Informal approaches tend to be more individualised. Academics might engage in self-reflection to better their teaching, or chat to colleagues and supervisors to improve their lectures. They also watch senior staff and those who are known as excellent teachers, learning from their examples. These approaches are extremely powerful; sometimes even more so than the formal programmes. But they are more unpredictable. They depend on the expertise of one’s peers and more senior colleagues.

Contradictory views

The study also found a big disjuncture between how universities talk about excellent teaching and how they support, recognise or reward it.

At all eight institutions, whether they focused on research, were more teaching-oriented or were vocational in nature, the general impression was that research was valued – and rewarded – more highly than teaching. One academic told the study authors:

I use my research money more often to buy in replacement teachers to free me to do research than I would if there [were] more benefits attached to teaching for me.

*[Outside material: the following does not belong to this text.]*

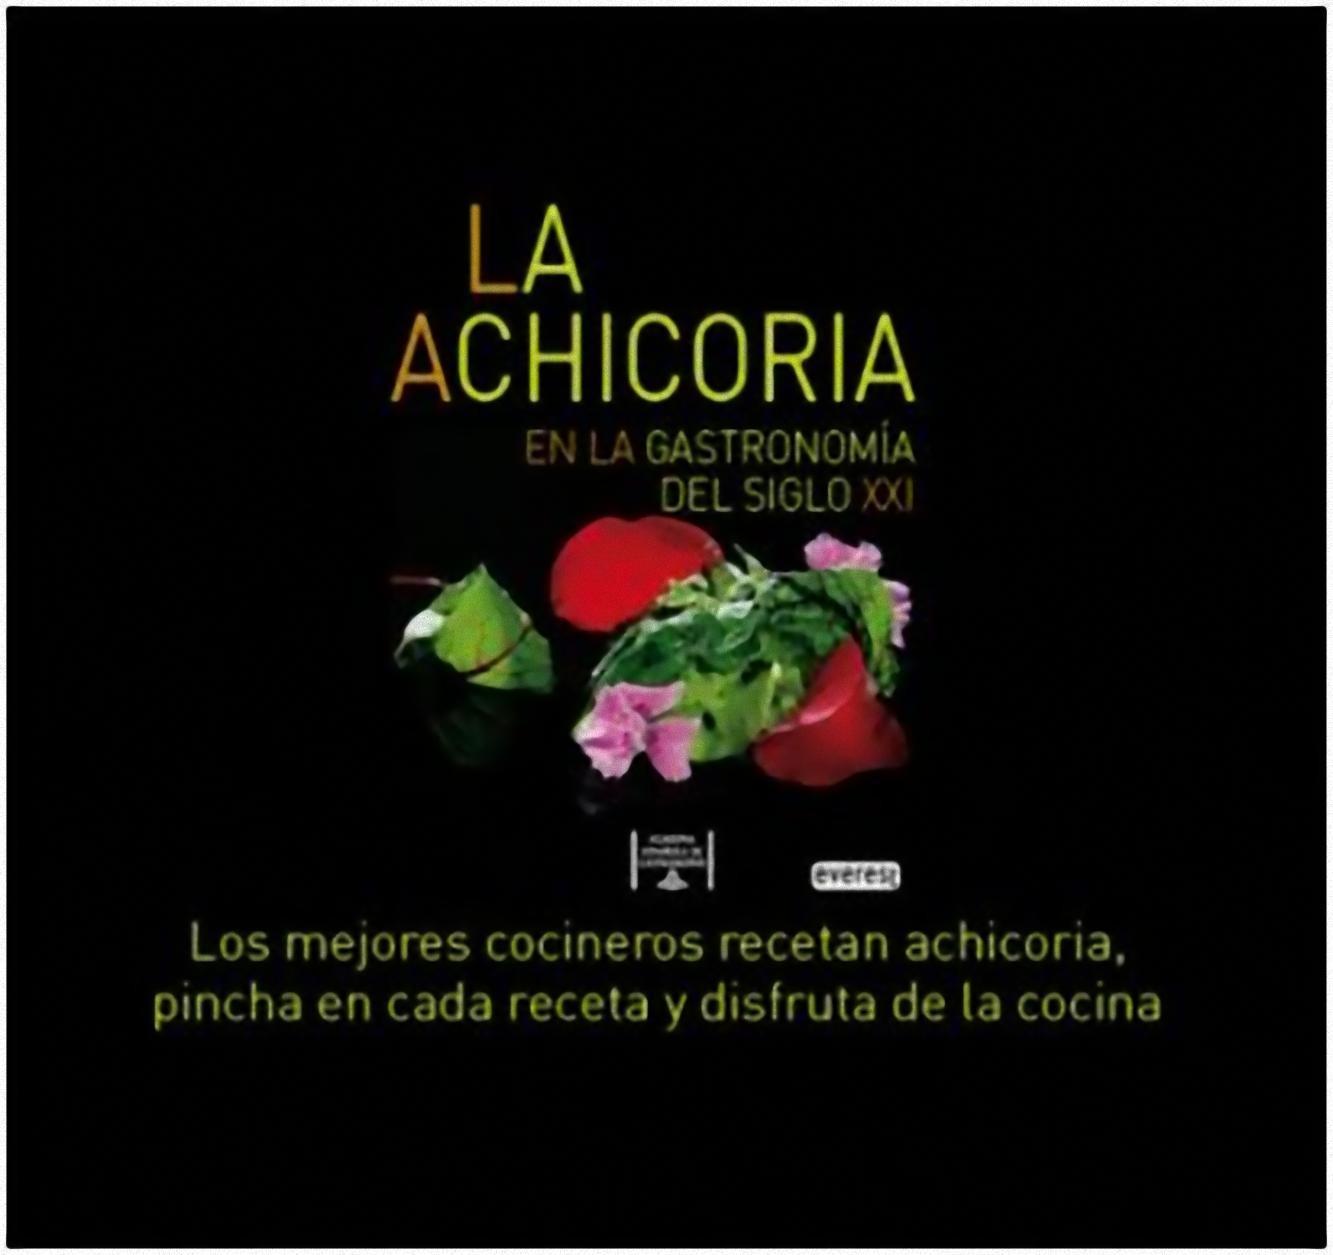 La Achicoria en la Gastronomía del Siglo XXI
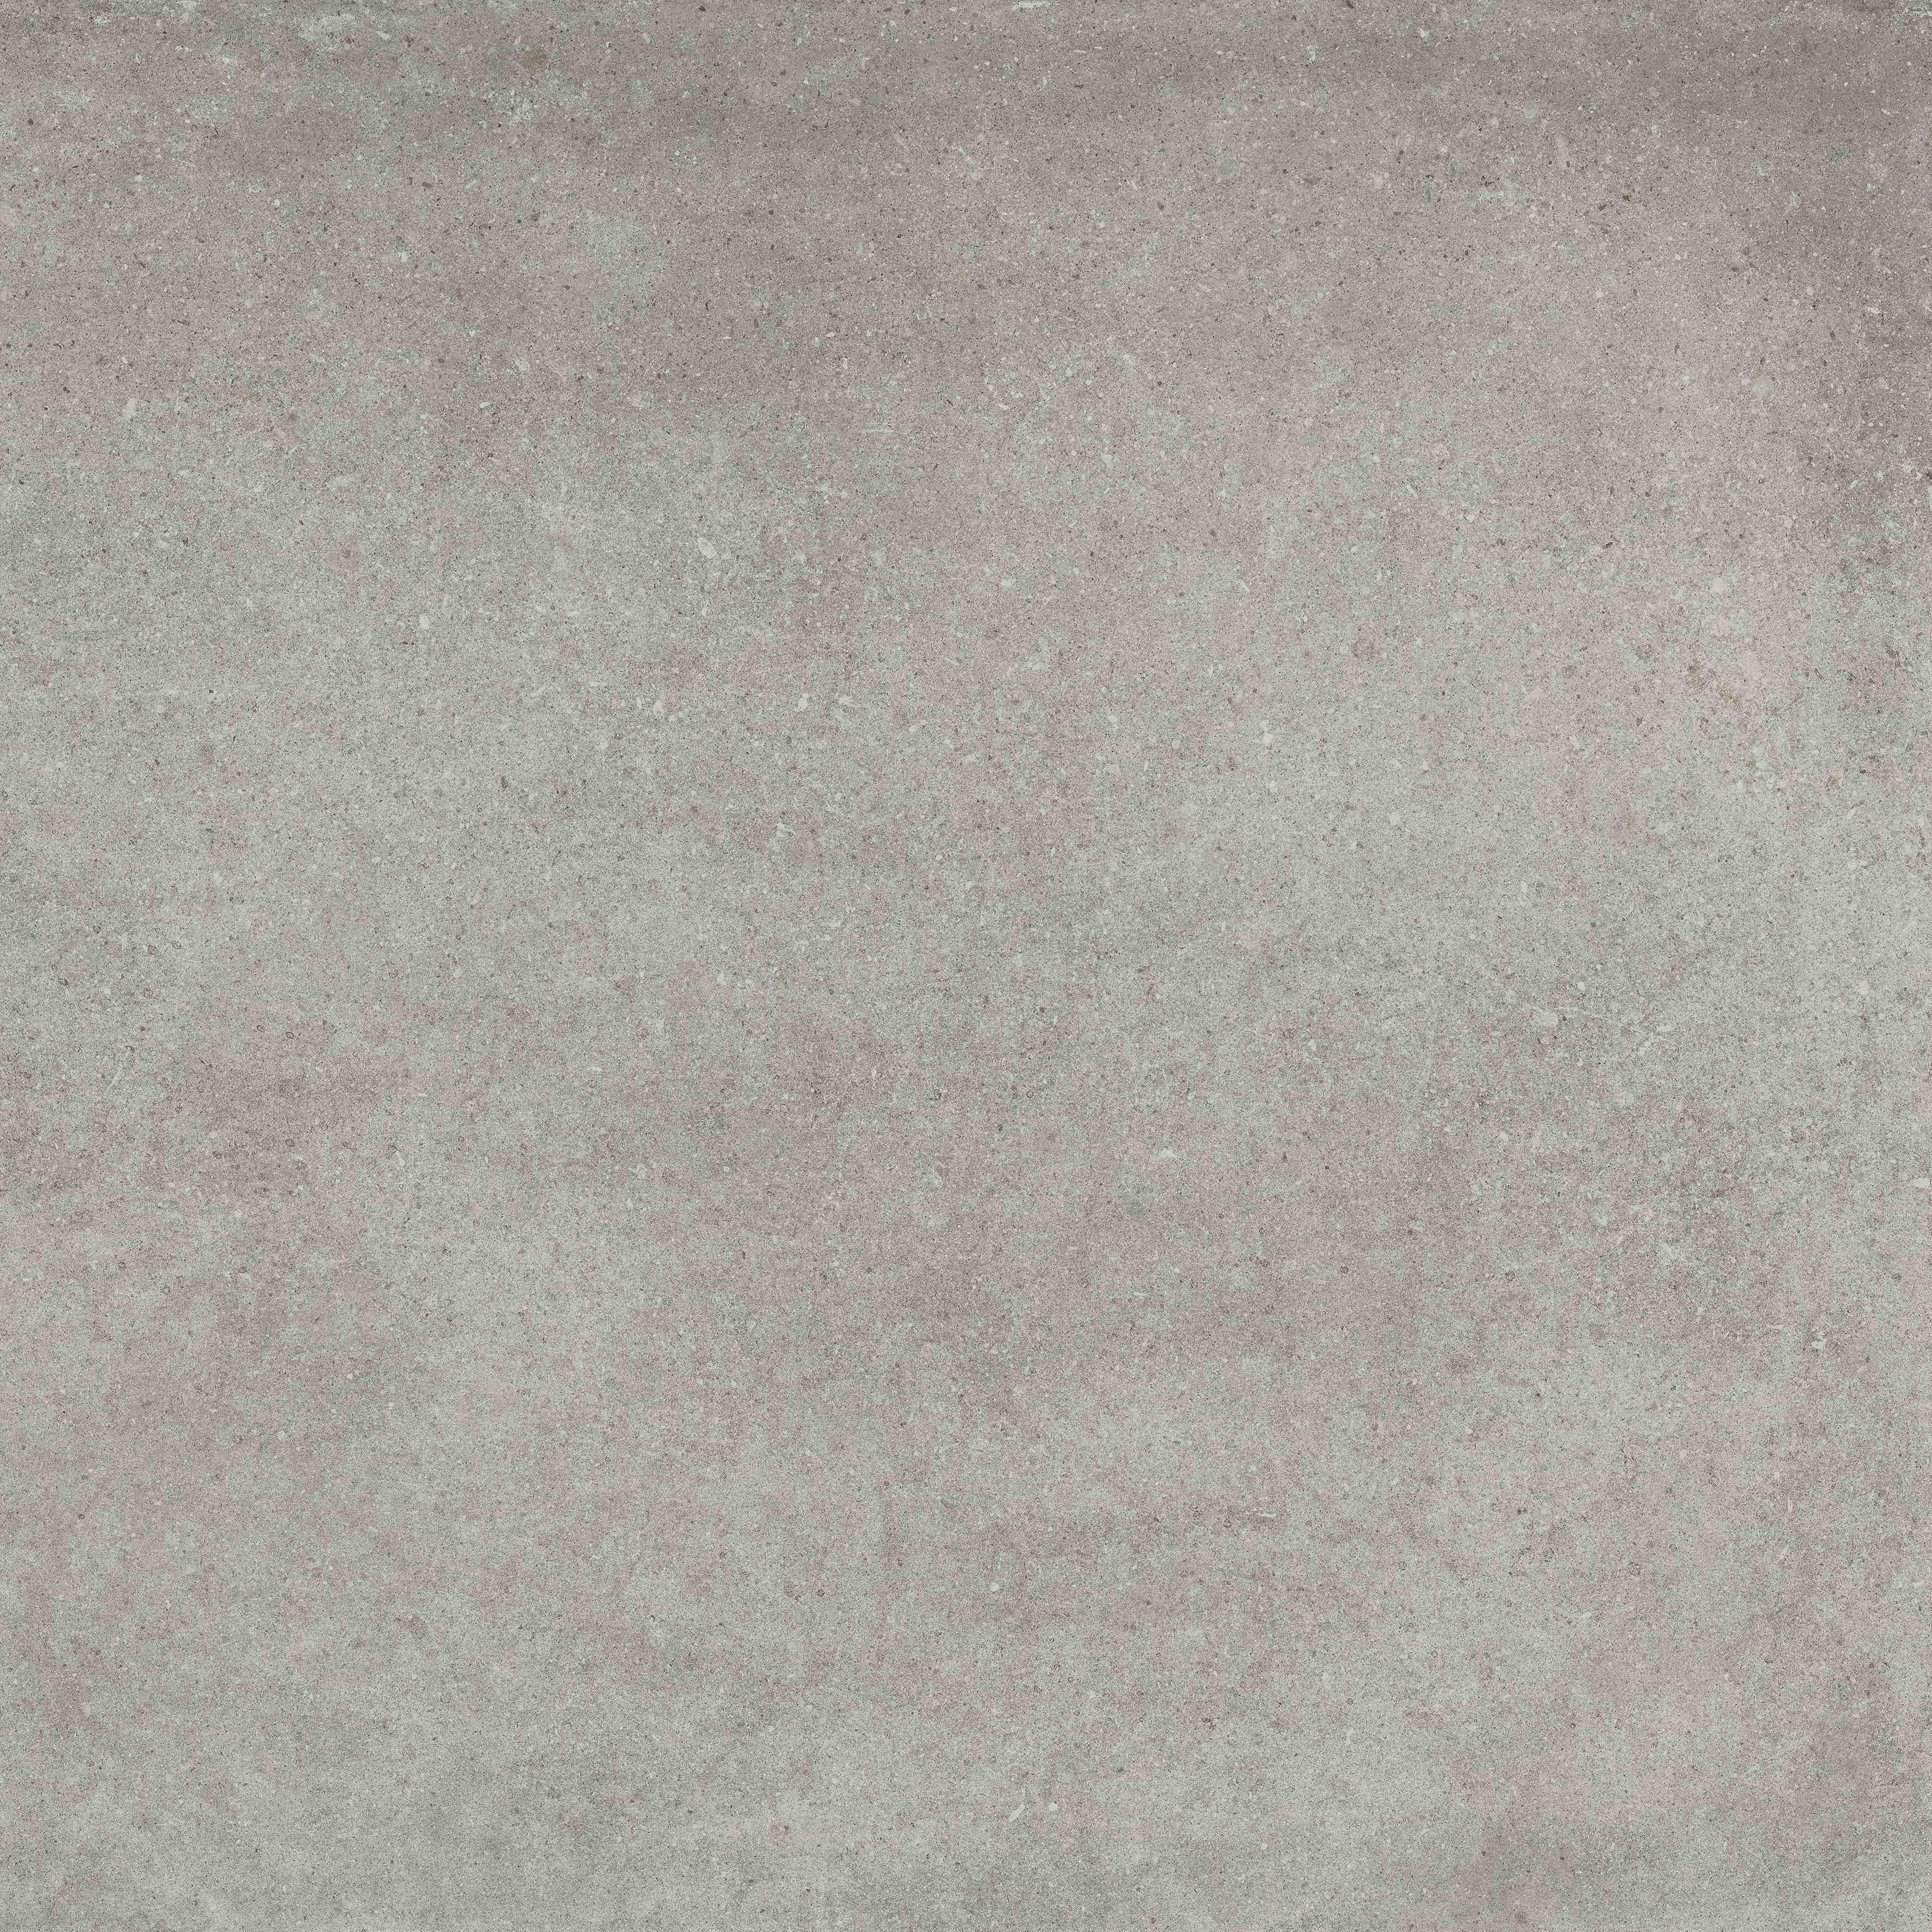 Плитка GRIGIO (ZRXRM8R) изображение 2

Several vice chancellors and deans told the authors that teaching was very important. But middle managers like department heads were quoted as saying that too much attention to one’s professional development as a teacher, or to research about teaching and learning, would be a form of “career suicide”.

The interviews with academics uncovered surprising depths of sincere commitment to enhancing teaching and to teaching well. These views were often expressed despite adverse social or material conditions at universities. In fact, this commitment was more evident in extremely adverse conditions. This underscores the point that an important feature of an academic’s intention to teach well is intrinsically motivated or internally driven.

Lessons

This study offers several lessons. The first is that it takes a combination of formal and informal learning to equip academics to become better teachers. Universities are under enormous financial pressure; some are mulling retrenchments, particularly of support staff. Universities should think carefully before cutting professional development staff, given the role they can play in boosting teaching and thereby keeping quality high.

A second lesson is that the general conditions in which academics teach, be these material or social, affect teaching and learning. More attention must be paid to funding and resourcing, and to the training of middle level managers such as heads of department. This is often where the message about the importance of learning to teach well is inconsistently relayed, and heads of department are closer to the academics, that require their support.

It’s also important that policies and incentive systems should not overplay the importance of research at the expense of teaching.

And, finally, given that so many academics are intrinsically motivated to teach well, they should not be viewed as mere instruments of policy and strategic exigencies. Instead, they must be treated as academic partners whose role as professionals should be respected. Their importance must be acknowledged and they must be seen as accountable, responsible, thinking and feeling beings – not workhorses chasing global rankings for the benefit of their institutions’ reputations.